2.1 Analysis of profit and loss account statement:

In this regard, Roast Ltd's income-statement review reveals that the company's revenue have grown between the years of 2017 and 2018 from 2022,000 to 2534,000 pounds (25.32 percent growth), with production costs increasing between 2017 and 2018 from 1055,000 pounds to 90 million pounds (32.23 percent growth). Operating revenues of the Corporation were 60,000 in year 2018. Operating costs, on the other hand, rose from £ 466,000 in 2017 to £ 477,000 in 2018. Operating profits of 127000 and 51000 in 2018 and 2017 were published by Roast Ltd., showing an upwards trend respectively. In 2018 and 2017, the corporation's net income amount was 81000 and 36000, reflecting an improvement in total profitability.

Evaluation of distinct ratios will be beneficial in further efficient interpretation of the corporation's P&L account. Ratio helps to understand the output of the corporation by evaluating the key ties of various items throughout one or more periods of profits. Two equations for the study of Roast Ltd's income statement are as follows:

Gross Profit Ratio:

(GBP'000)

Year-2017

Year-2018

Gross profit

517

544

Net sales

2022

2534

Gross profit Margin = Gross profit/ Net sales x 100

25.57%

21.47%

This is key profitability ratio commonly applied by managers to evaluate business actual fiscal wellness by exhibiting sum remain out of revenue after providing costs incurred against goods sold.

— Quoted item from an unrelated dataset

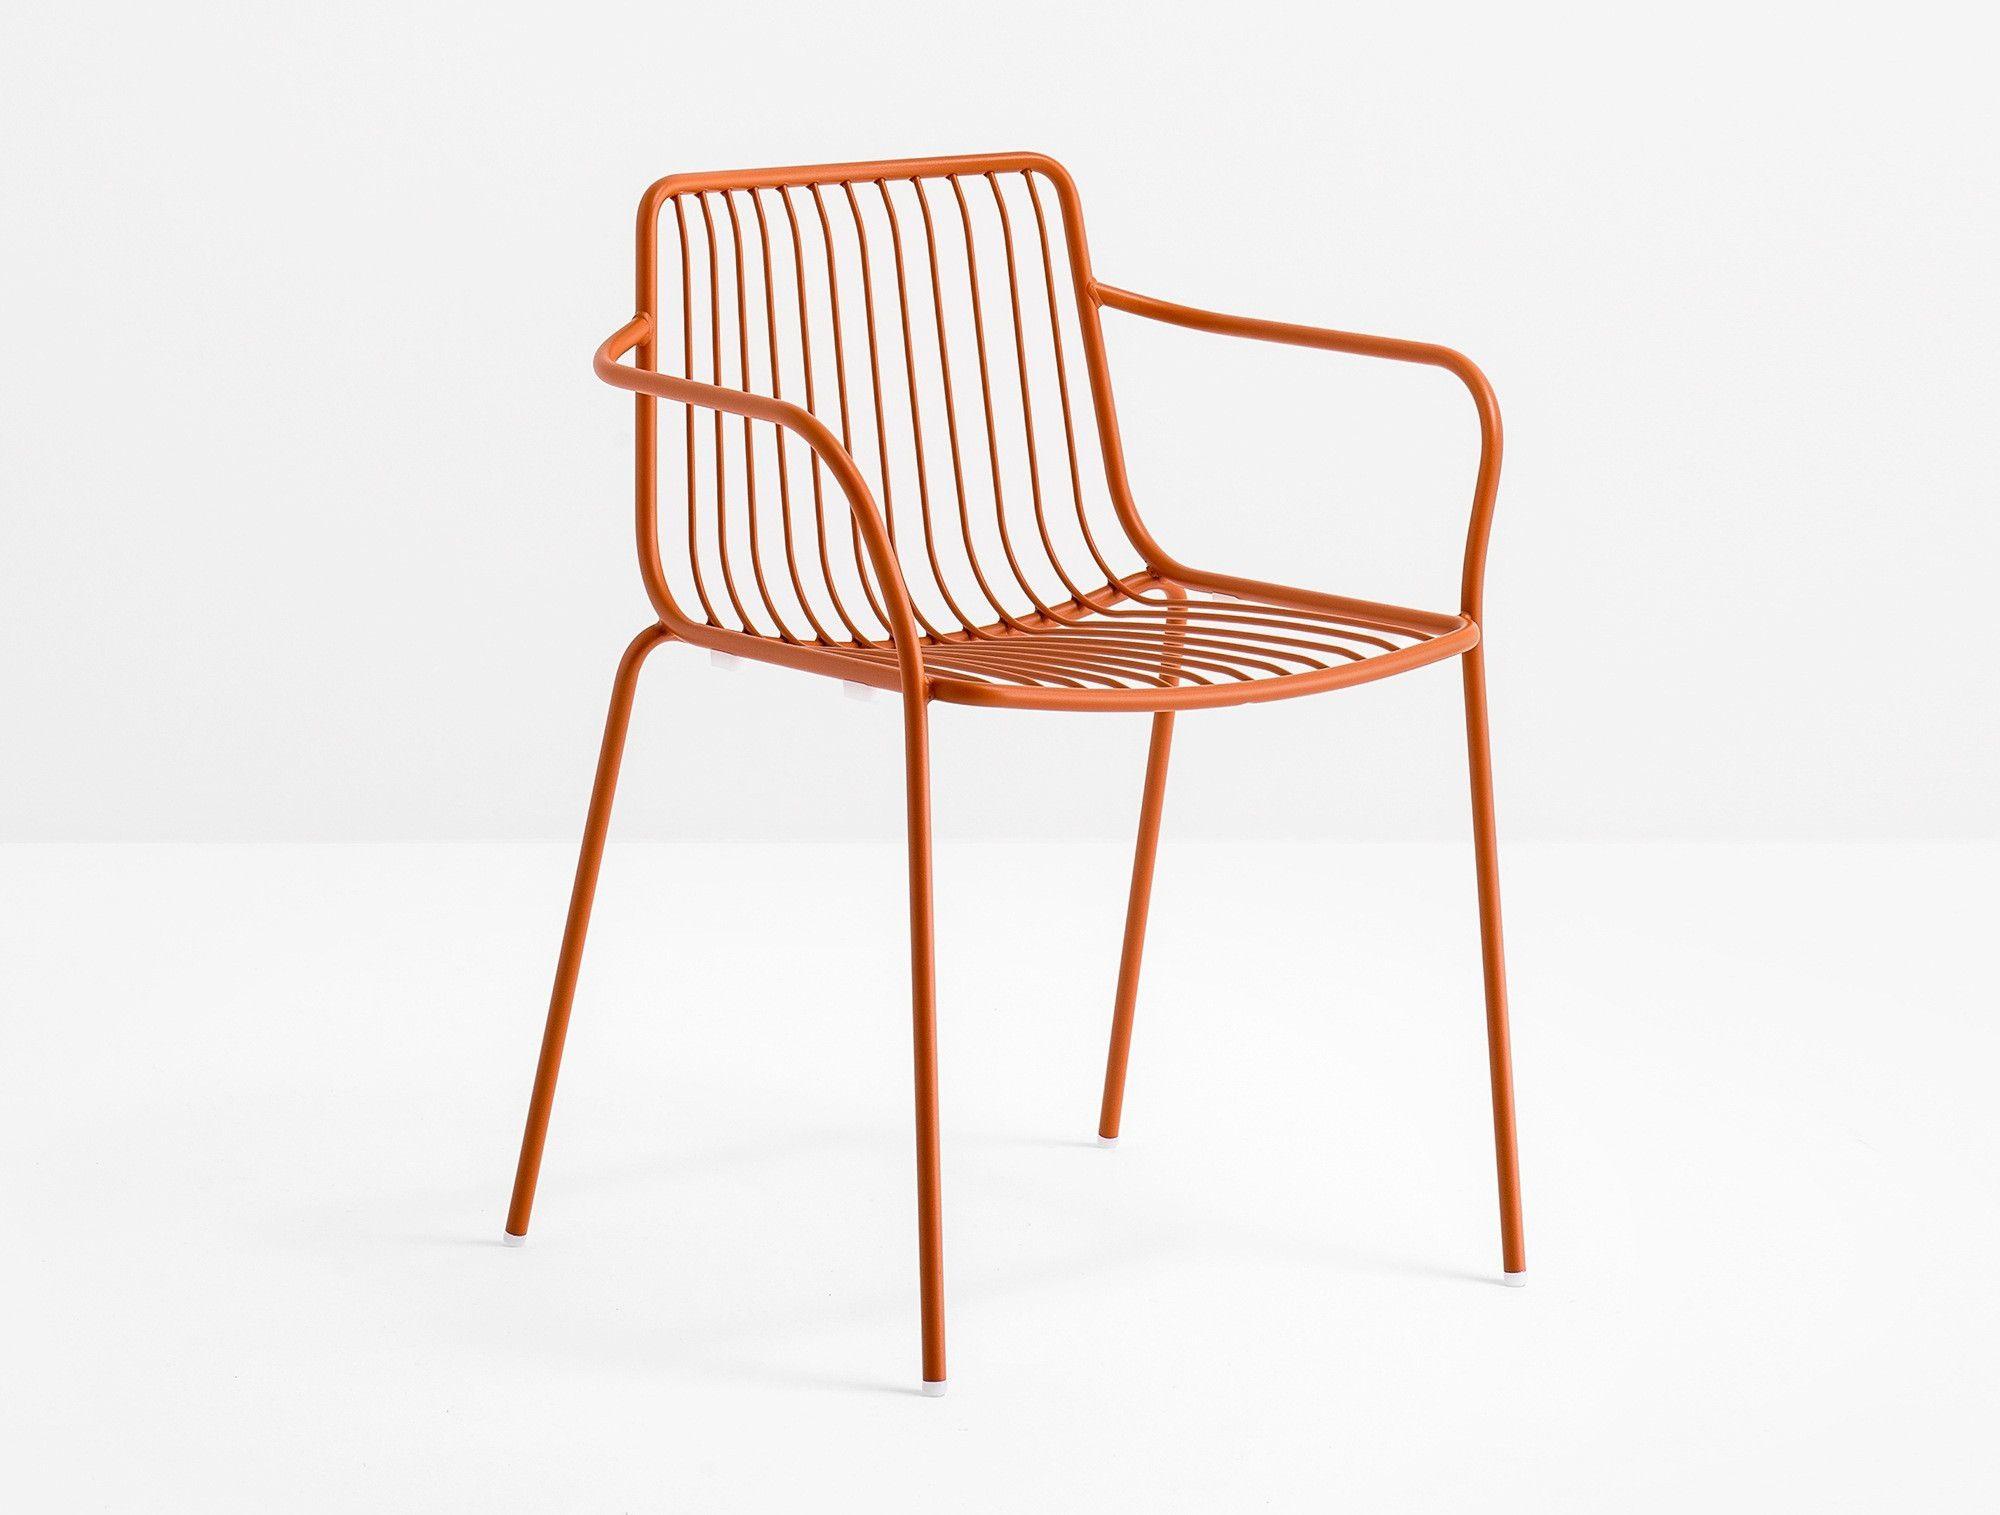 table pliante avec chaise alinea fauteuil de jardin of table pliante avec chaise

Evaluation of the corporation's gross margin (percentage) revealed that the gross margin business gained in year 2018 is 21.47%, which was of 25.57% for year-2017. This suggests that the performance of the corporation to generate gross profits before any operating or non-operating expenses has been decreased over the period.

Operating Profit Ratio: 

(GBP'000)

Year - 2017

Year - 2018

Operating profit

51

127

Net sales

2022

2534

Operating profit ratio= Operating profit/ Net sales x 100

2.52%

5.01%

 

This ratio forms and evaluates relationship among business's operating profits and entire net-revenue obtained though its operations or net-sales figures. It is also a kind of profitability ratio which is expresses generally in percentage form. In 2018 and 2017, the operating ratio in the corporation was 5.01 percent and 2.52 percent. The trend indicates that its operating operations have improved the company's ability to make profits. This basically means that business costs have been reduced and that operational profits have been improved.

Net-Profit Margin ratio:

(GBP'000)

Year - 2017

Year - 2018

Net profit

36

81

Net sales

2022

2534

Net profit ratio = Net Profit / Net Sales

1.78%

3.20%

This ratio expresses a customer relationship between net amount of profits earned by corporation and net sales through its entire business operations. It is more clearly shows corporation's net profitability level and demoted in certain percentage. As shown above, the net profit ratios of the table business in year-2018 and 2017 were 3.2 percent and 1.78 percent. That simply specifies that the degree of net profitability of the organization has been enhanced. Over the time, the aggregate net-margin creation potential of the business has been improved and it would be advantageous in terms of profit opportunity for acquisition purposes.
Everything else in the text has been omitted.